I awaken to find someone holding my hand, and I look over to see Russell staring at me sadly from a chair he had pulled up to my bed. “Hey, there ya are, Red,” he says with a softening of his eyes as he bends over my hand, placing a kiss upon it.
“Russell, are you…okay?” I ask him groggily, trying to sit up in bed. I still feel weak, but I don’t want him to see that. He notices anyway, and he gently helps me to sit up. Looking him over to see if he has any outward injuries, he looks to be in perfect health.
“I’m sorry, Red,” Russell says bluntly, peering down at my small hand in his enormous one. “I tried to make ya go away. I’d been havin’ these nightmares for days, ‘bout the Seven-Eleven. I knew somethin’ bad was gonna happen, and I didn’t want ya involved, so I tried to make ya go away. But yer stubborn, and I should’ve known y’all would never give up on me,” he says, looking up at my eyes again and grimacing. “I didn’t understand what was happenin’.”
“You were having dreams, just like I was?” I ask him, stunned.

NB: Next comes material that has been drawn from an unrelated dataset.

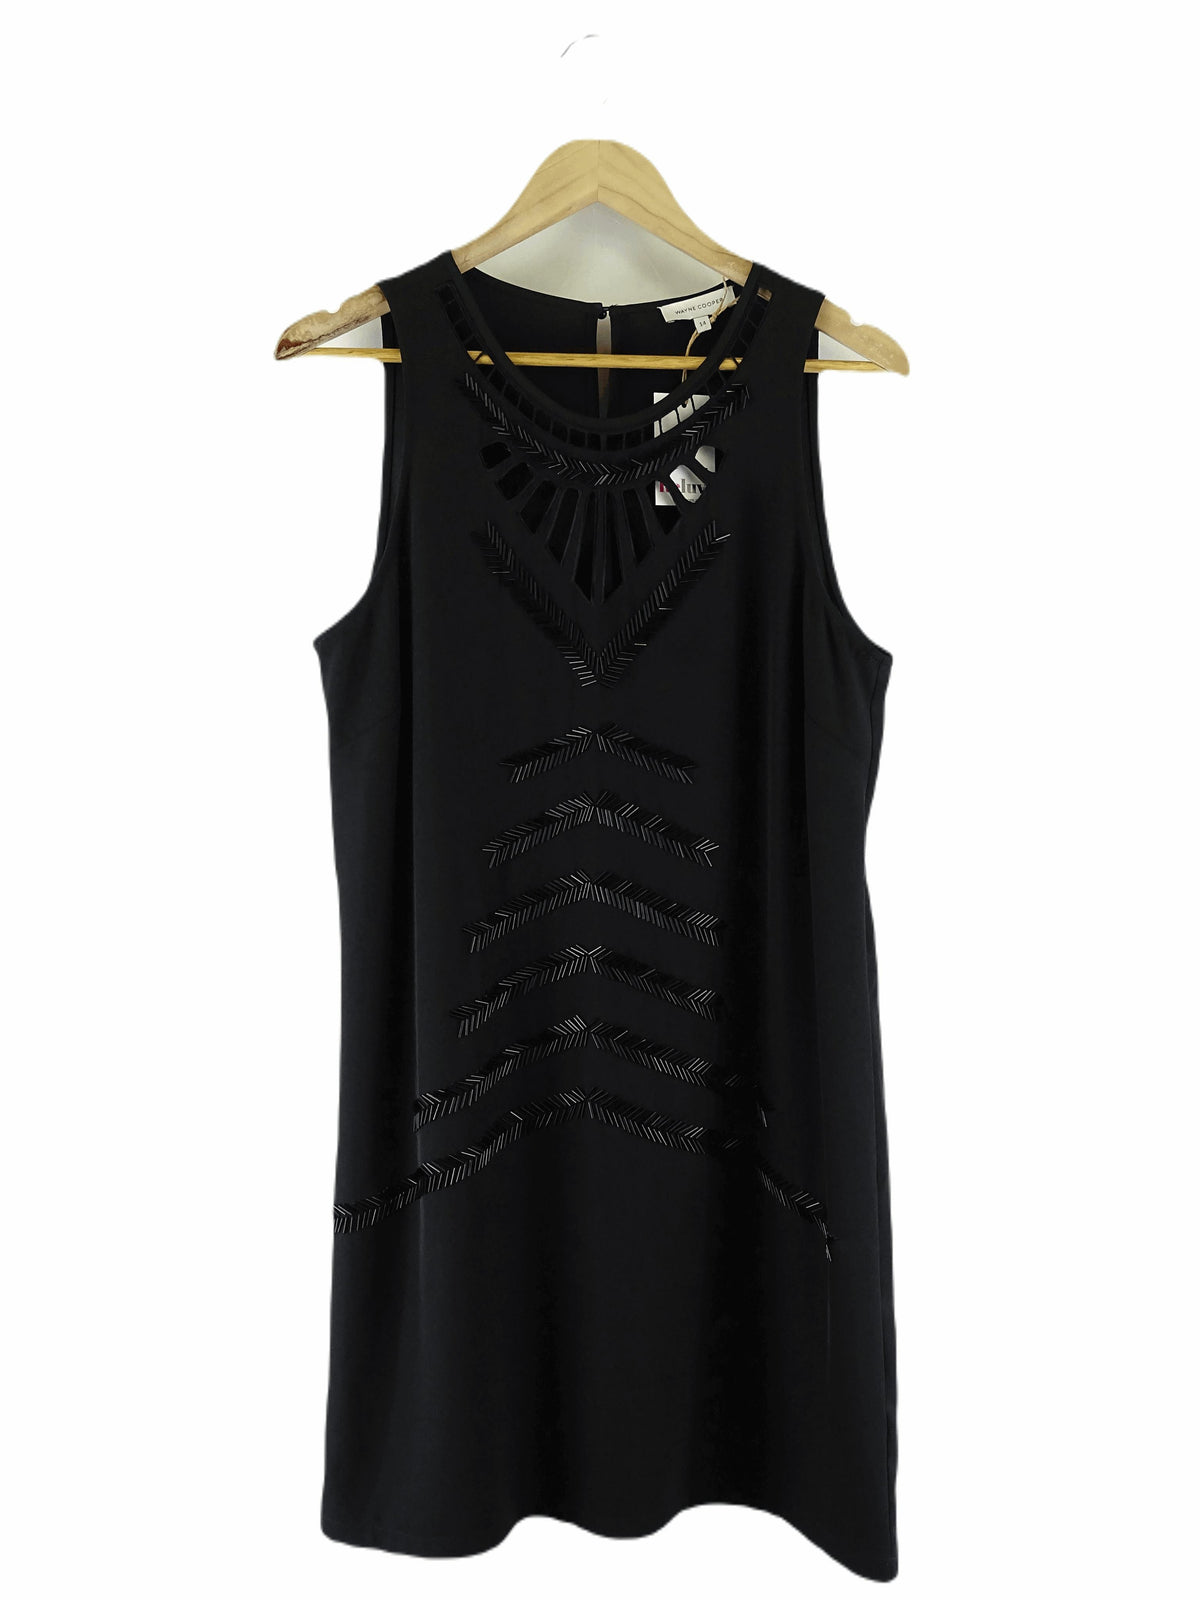 Wayne Cooper Black Sequin Sleeveless Dress 14

“I wouldn’t say just like ya ‘cuz I was never hit by a light, or given a necklace in my nightmares,” he states emphatically, and I realize that Reed, or someone, had filled Russell in on some of the details that he was kept in the dark about before now. “Y’all should never have gone with Freddie. Y’all should’ve gone for help…found Zephyr,” he says, scolding me while he shakes his head.
“Russell, I had to go, you’re my soul mate,” I say plainly, and I know that he understands what I am saying because I’m his soul mate, too.
“Yeah, I am, so ya know how I feel ‘bout y’all tryin’ to give up yer soul for me. Don’t ya ever do anythin’ like that again, do ya understand?” he says with heat in his tone.